Of the languages of France, French is the sole official language according to the second article of the French Constitution. French, a Gallo-Romance language, is spoken by nearly the entire population of France.

In addition to French, several regional languages are also spoken to varying degrees, such as Alsatian, a Germanic dialect (specifically Alemannic) (spoken by 1.44% of the national population); Basque, a language isolate; Breton, a Celtic language (spoken by 0.61%); Corsican, an Italo-Dalmatian language; and various other Gallo-Romance languages (Langues d'oïl 1.25%, Occitan 1.33%). Some of these languages are also spoken in neighbouring countries, such as Belgium, Germany, Switzerland, Italy, Andorra, or Spain.

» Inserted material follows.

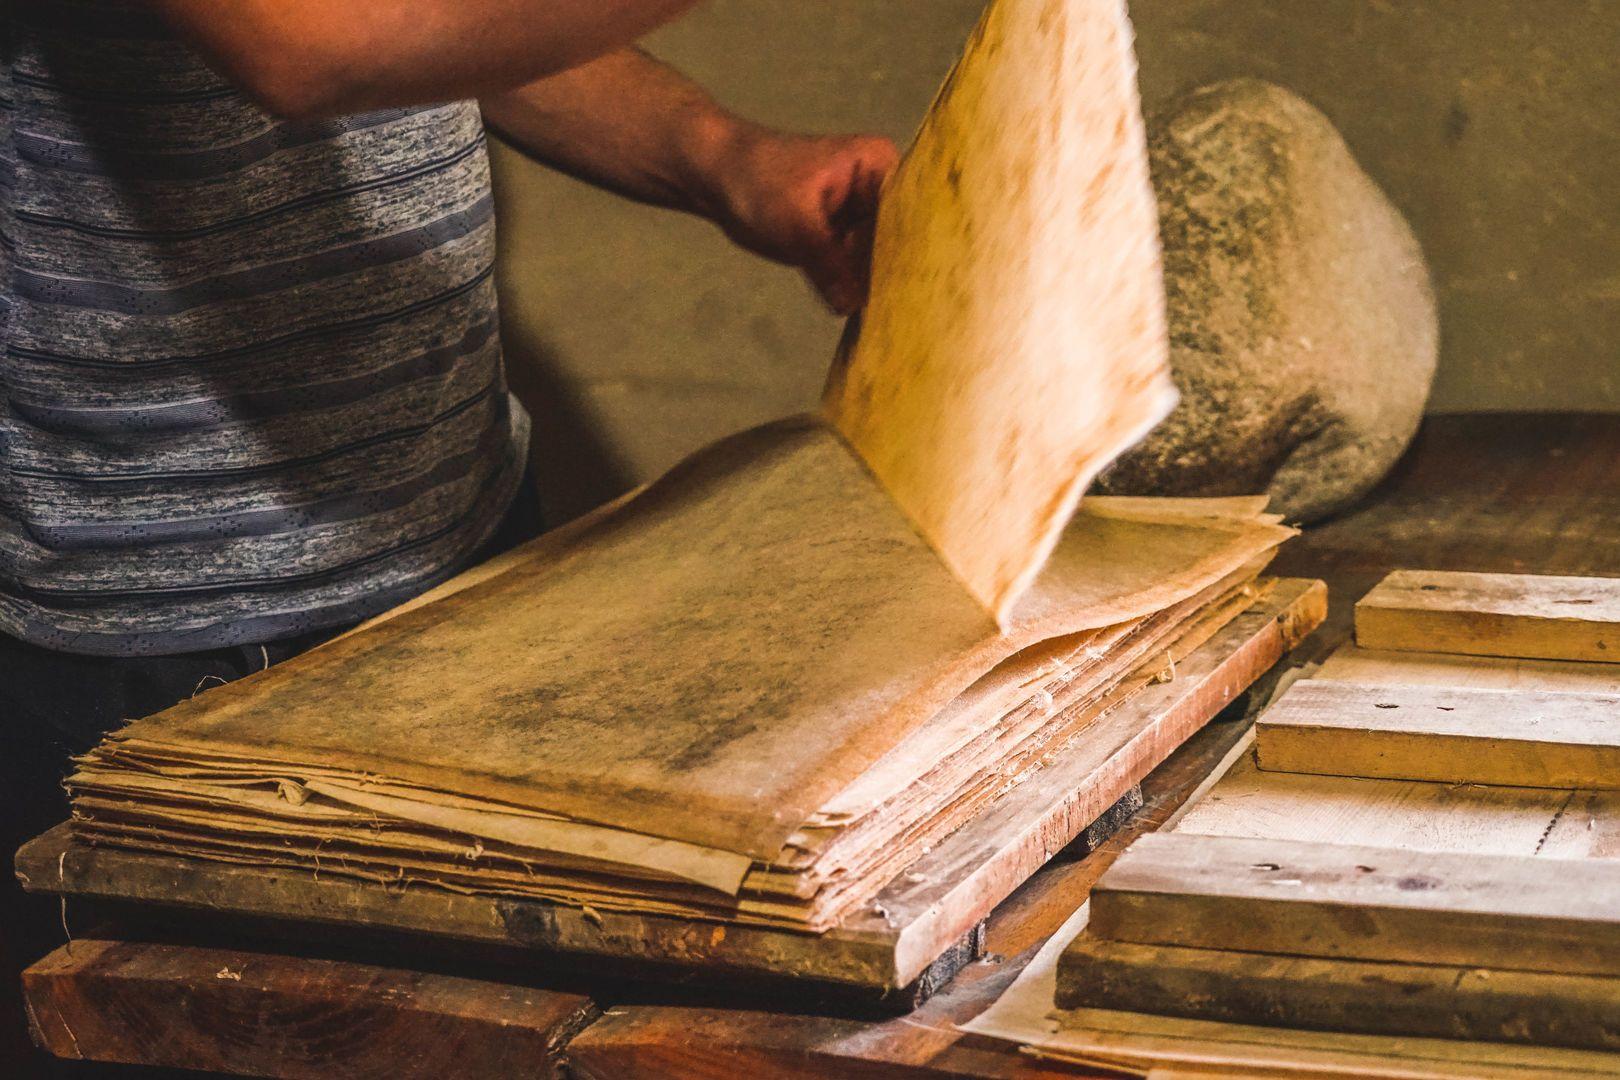 Samarkand papermaking tradition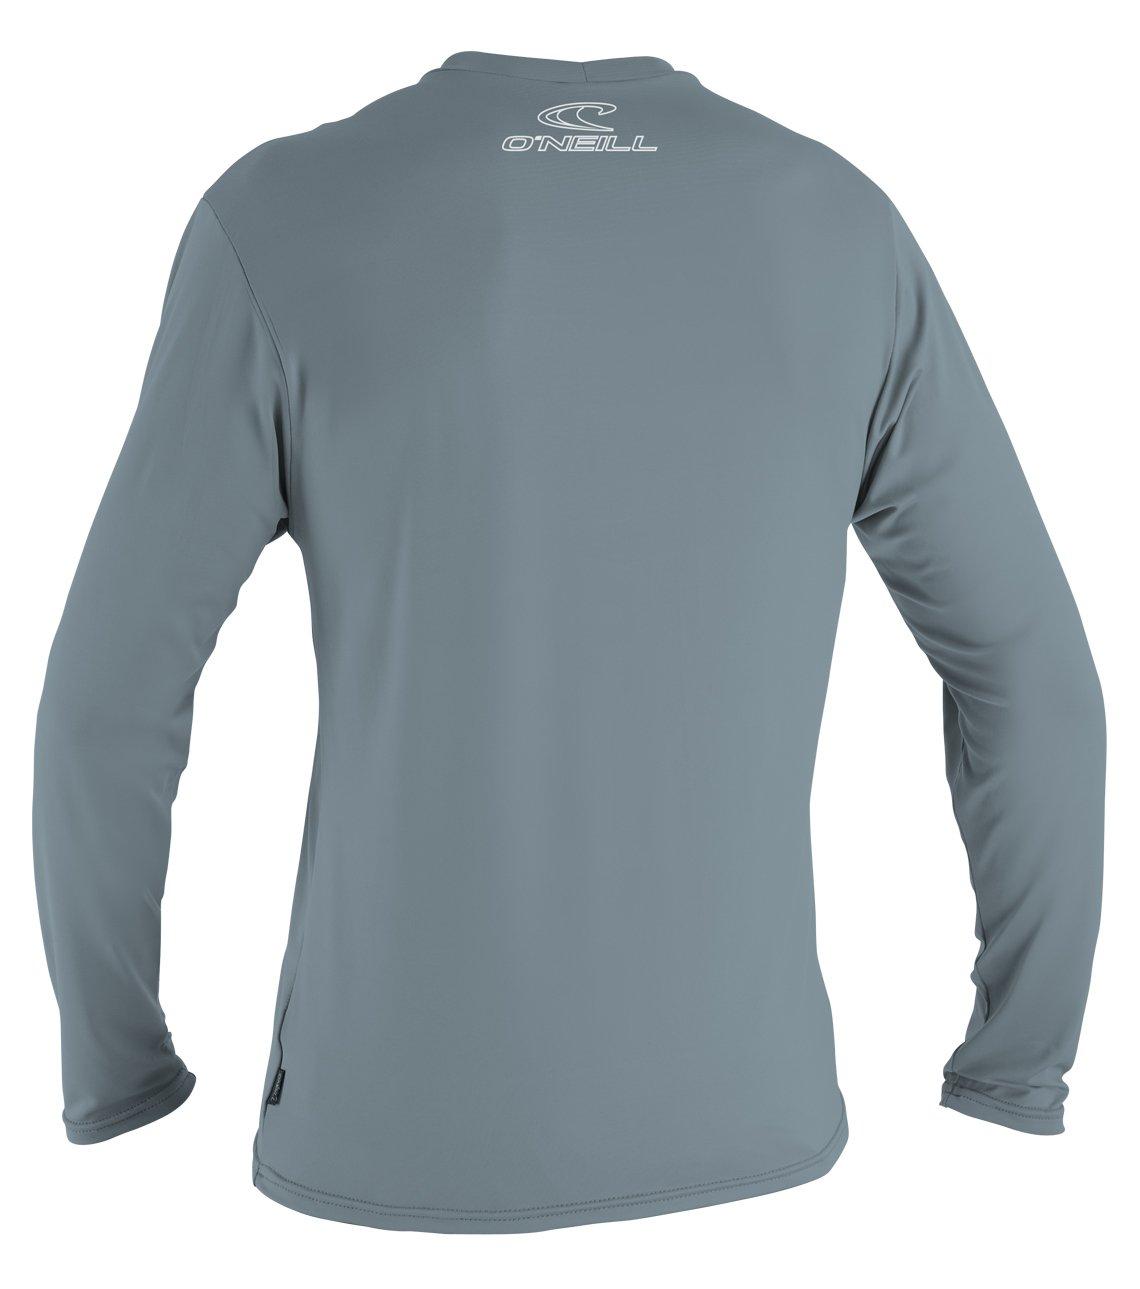 O'Neill Wetsuits Men's Basic Skins UPF 50+ Long Sleeve Sun Shirt, Dusty Blue, Medium by O'Neill Wetsuits (Image #2)

The official language of the French Republic is French (art. 2 of the French Constitution) and the French government is, by law, compelled to communicate primarily in French. The government, furthermore, mandates that commercial advertising be available in French (though it can also use other languages). The French government, however, does not mandate the use of French by private individuals or corporations or in any other media.

A revision of the French constitution creating official recognition of regional languages was implemented by the Parliament in Congress at Versailles in July 2008.[4]

The 1999 Report written for the government by Bernard Cerquiglini identified 75 languages that would qualify for recognition under the government's proposed ratification of the European Charter for Regional or Minority Languages. Of those languages, 24 are indigenous to the European territory of the state while all the others are from overseas areas of the French Republic (in the Caribbean, Indian Ocean, Pacific Ocean and South America).

Although ratification was blocked by the Constitutional Council as contradicting the Fifth Republic's constitutional provision enshrining French as the language of the Republic, the government continues to recognise regional and minority languages to a limited extent (i.e. without granting them official status) and the Délégation générale à la langue française has acquired the additional function of observing and studying the languages of France and has had et aux langues de France added to its title. The category of languages of France (in French: langues de France) is thus administratively recognised even if this does not go so far as to provide any official status. Following his election as president, François Hollande reasserted in 2012 his campaign platform to ratify the European Charter and ensure a clear legal framework for regional languages (within a programme of administrative decentralisation that would give competencies to the regions in language policy).[5]

The regional languages of France are sometimes called patois, but this term (roughly meaning "dialects") is often considered derogatory. Patois is used to refer to essentially oral languages,[6] even though some have a current and/or historical use, such as Occitan, which was already being written at a time when French was not and its literature has continued to thrive, with a Nobel Prize for Frédéric Mistral in 1904.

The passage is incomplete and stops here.